Мир семидесятых годов прошлого века - совершенно уникальный;
может быть мир тех годов - единственный из всей истории, к которому
допустимо некоторое "отступление" от заповеди Апостола Любви:
"не любите мира, ни того что в нем".
Мир семидесятых можно и нужно было любить потому что он,
строго говоря, не был вполне тем "миром, лежащим во зле",
ненависть к которому строго заповедует Св. Апостол Иоанн Богослов.
Даже несакральные явления того мира - например, газеты "Правда",
"Труд",
программа "Время" и т.д. либо вообще не содержали никакого зла,
либо зло было незначительным, легко преодолимым
любой живой и свободной душой.
А сколько в нем было явлений сакральных, полезных и положительных!
Чего стоила одна только программа "Полевая почта",
начинавшаяся в восемь по "Маяку".
Не говорю уже о великой метафизической свободе того времени,
щедрой и легко досягаемой - лишь бы человек не жил внешним.
Для некоторых , правда, семидесятые годы были тюрьмой, они и
сейчас об этом говорят. Думаю, тюрьмой те годы были именно для
тех, кому и следовало сидеть. От звонка до звонка, без амнистий.

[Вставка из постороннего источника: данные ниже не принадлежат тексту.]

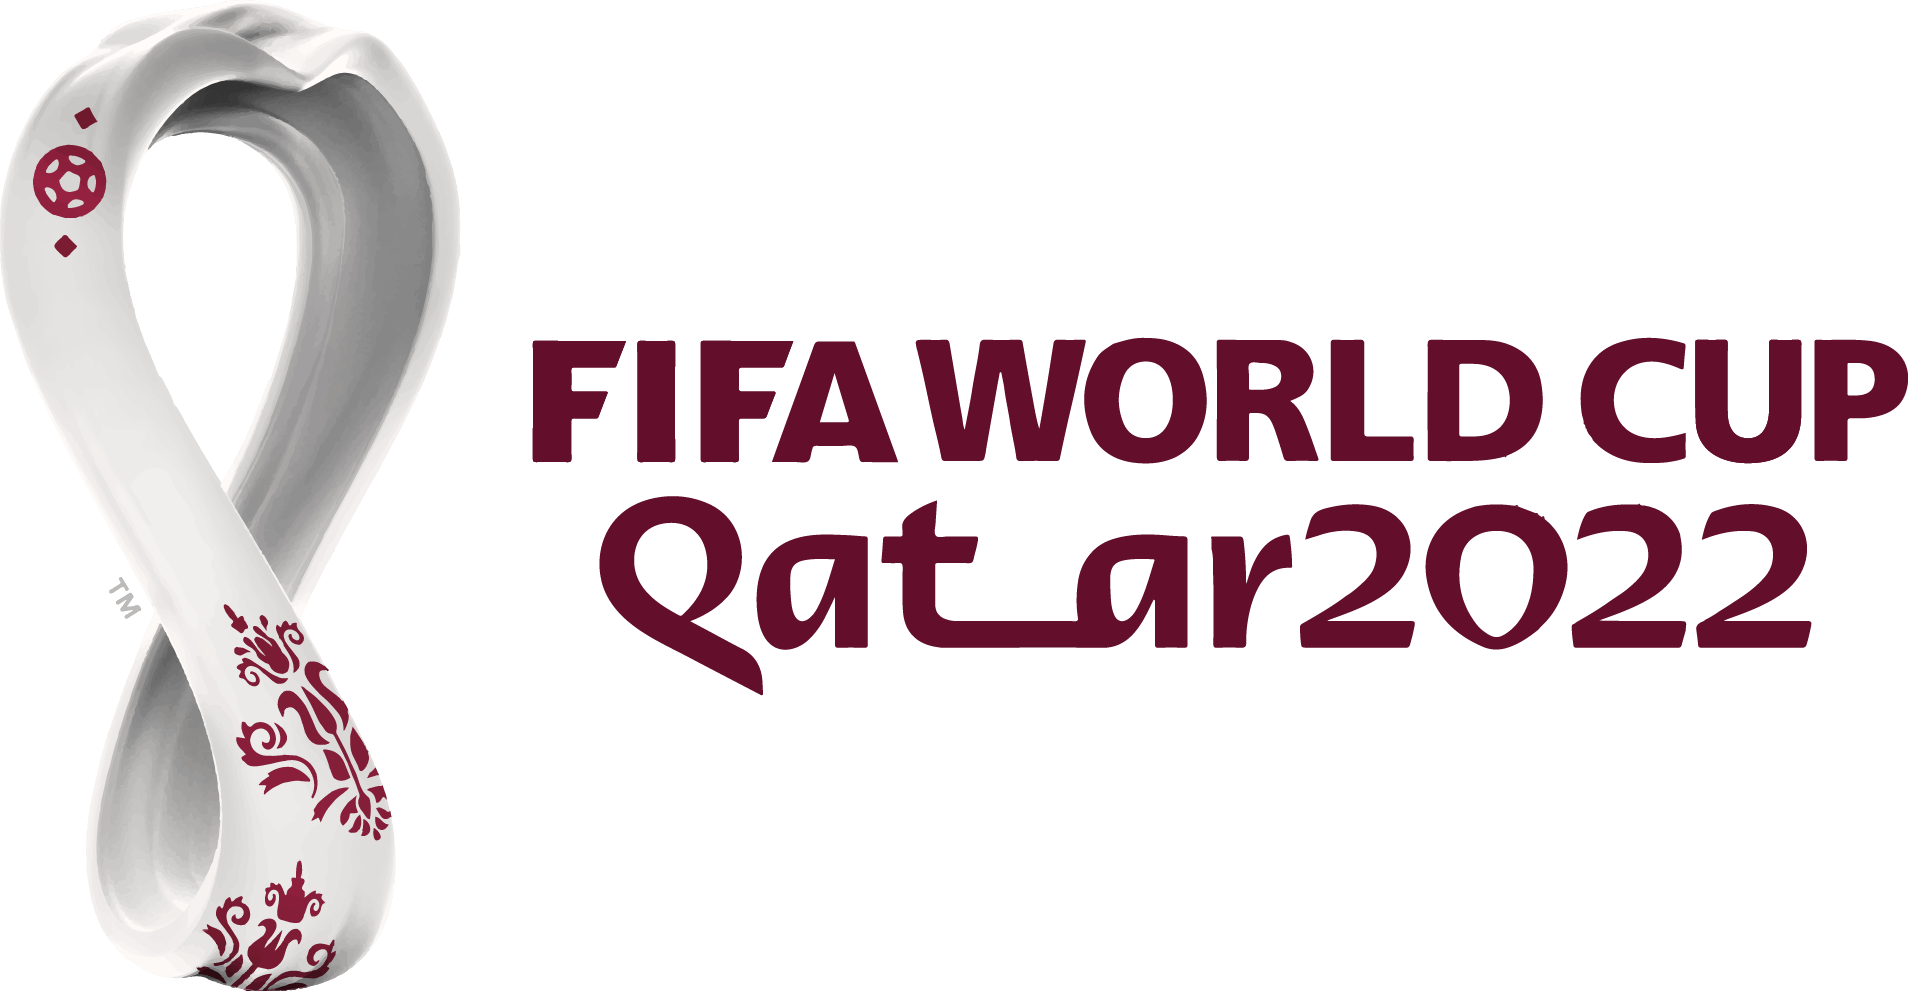 2022 fIfa world cup qatar transparent logo png #42094

И это в лучшем случае. То время, ту уникальную страну, тот мир
можно и нужно было любить. Тем большую неприязнь вызывает
мир нынешний, нынешнее свинское время, нынешние плоские людишки,
зомбированные макдональдсами, педерастией, прагами-стокгольмами,
картошкой фри, европами и МТВ.
Ненависть к миру теперешнему - не просто исполнение заповеди Апостола Любви,
но еще и дань памяти погибшей Вселенной семидесятых, достойной
и любви, и уважения.
В частности, я категорически против какого-либо празднования
лукавого, дебелого, суетного, смрадно-алкогольного лжепраздника
под названием "Новый Год". И крайне критически и неодобрительно
отношусь к придающим этому дню какое-либо значение.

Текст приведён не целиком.